Today is V-E Day, and I’m thinking about a conversation I had with my wife a few years ago, the first time she visited my parents’ house. We took a walk up to the hamlet of Moreton, a mile or so outside of town, and as we were passing through she asked me “what’s that?”, pointing to the object in the photo above. (Photo courtesy of Google StreetView.)
I found it interesting that she needed to ask, because anyone who grew up in England would know the answer instantly. But then they don’t have monuments like this all over the place where she grew up - because Brazil didn’t send two successive generations of its men off to be slaughtered in a bloodbath.
So I found myself explaining that every British town, big and small, has a memorial somewhere to the First and Second World Wars, engraved with the names of the men of that community who were killed. It’s a mundane observation, but saying it out loud made me think about it a little harder than normal. I’ve walked through Moreton a zillion times, but until then I’d never really considered the significance of this particular war memorial.
Because Moreton is tiny: it’s just a dozen or so houses scattered along a single road. Its population can’t be higher than a hundred - yet even a place as small and insignificant as Moreton lost sons and brothers in those conflicts.
And it’s not just Moreton. Every town, every village, every district of every city, every inhabited scrap of land from John O’ Groats to Land’s End has a similar monument. Every church, every school, every business, every sports ground, every scout hut, every hospital - if it existed in 1939, then somewhere on its premises is a plaque engraved with the names of the dead. That’s how many lives were lost. That’s how many communities were affected. That’s how many families were shattered.
So as these grand sweeps of history fade further into the past, let’s remind ourselves of the obvious: this was real. Real people just like you died in their millions to secure the world we enjoy today in all its glorious imperfections. Nothing we face comes close to the human cost born by our recent ancestors. Remember them.

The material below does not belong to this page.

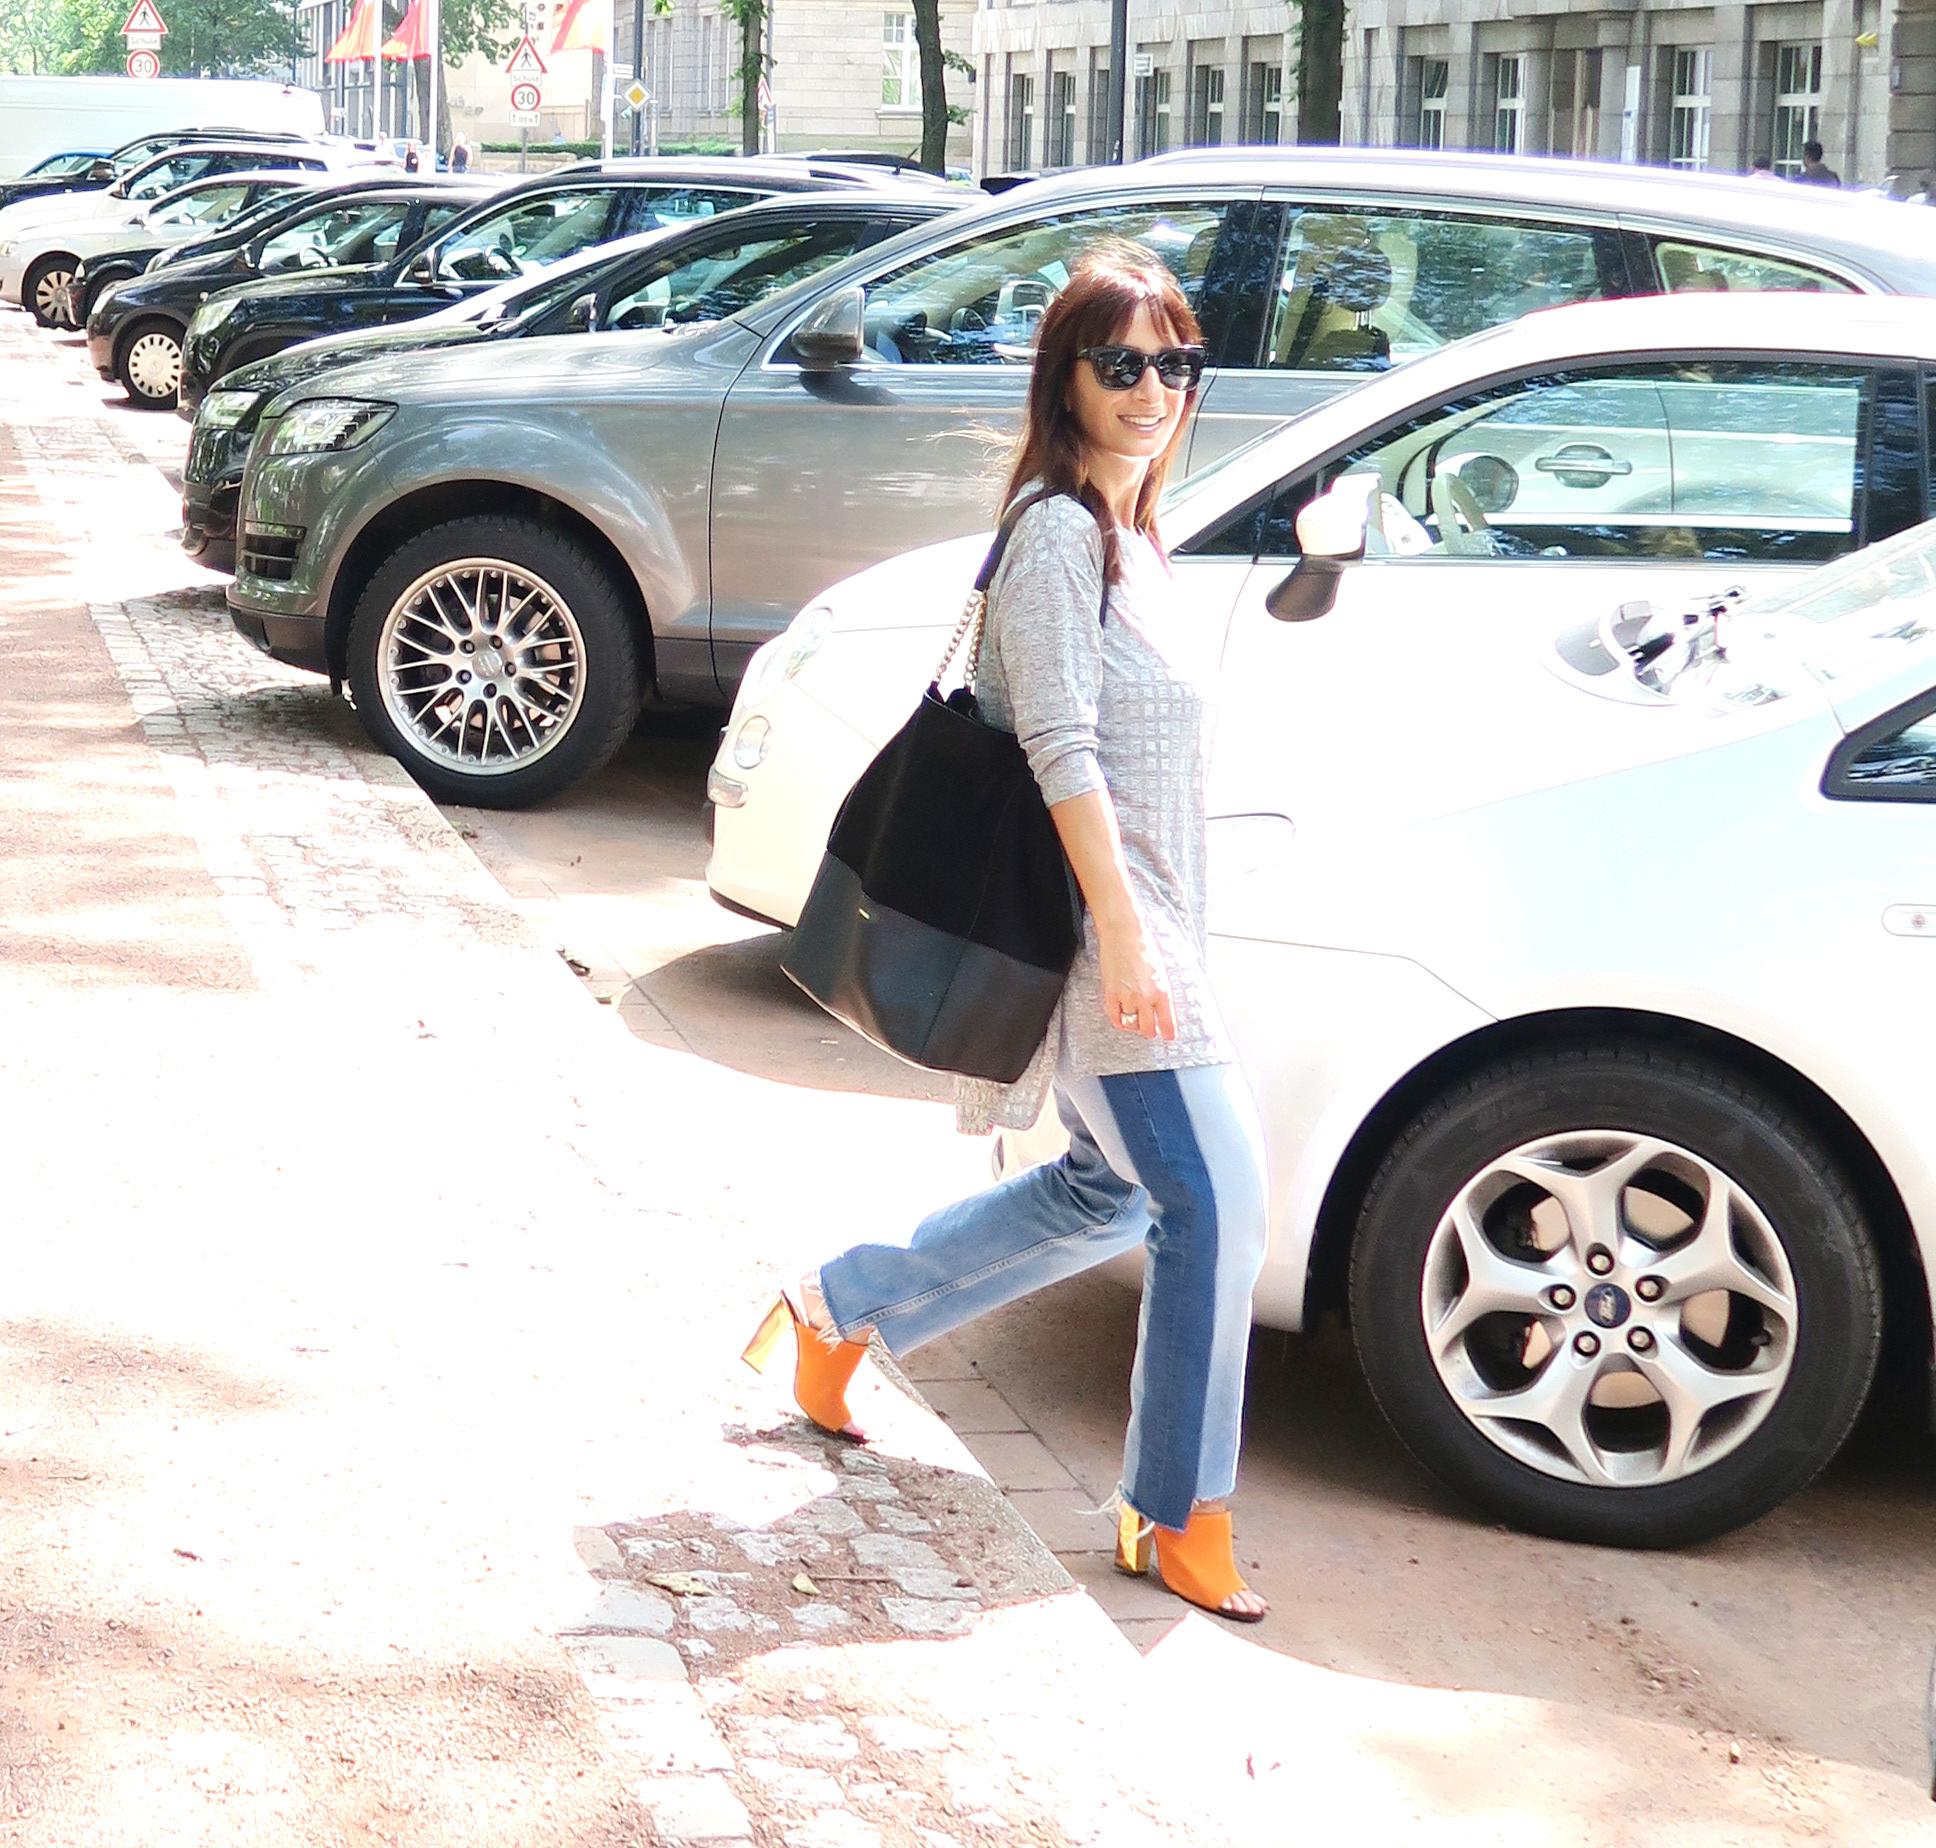 Streetstyle-düsseldorf-paris-blogger-fashionweek-mode-style-mules-trend-modesalat-3

I worry we won’t remember. You might wonder how we could possibly forget, but the truth is that we do forget most things eventually. One day there’ll be no-one left alive who remembers either war; next there’ll be no-one who’s old enough to have known someone who remembered. Things will become ever more distant and abstract and unrelatable, and the only thing left will be these monuments.
And the cemeteries.
We can’t stop the march of time; the best we can do is keep the flame of remembrance alive for the next generation and trust they’ll do the same. A good place to start would be to pay more attention to our many memorials. Every single name belonged to a real person like you. Remember that.
You never think it will happen to you. You grow up, you learn, you love, you play, you have your whole life ahead of you, and you dream of all the adventures you’ll have and the great things you’ll achieve - until one day history comes out of nowhere to erase you. Textbooks round the death toll to the nearest million, and the only trace you ever existed is a name carved into a slab of granite that most people walk by without a second glance. There goes the only life you’ll ever have.
Could anything be worth it? I don’t think so. But if I was standing there in the trenches awaiting my turn to be ripped to shreds by machine gun fire, I imagine I might take comfort in the thought that it was all for a higher purpose: that by giving up my life I was creating a better world for those who remained. And I would damn well hope that the people I left behind would live lives that were worthy of my sacrifice.
So ponder this: what kind of world is worth losing your life for? Because untold millions have been on the other side of that bargain. Have you earned it?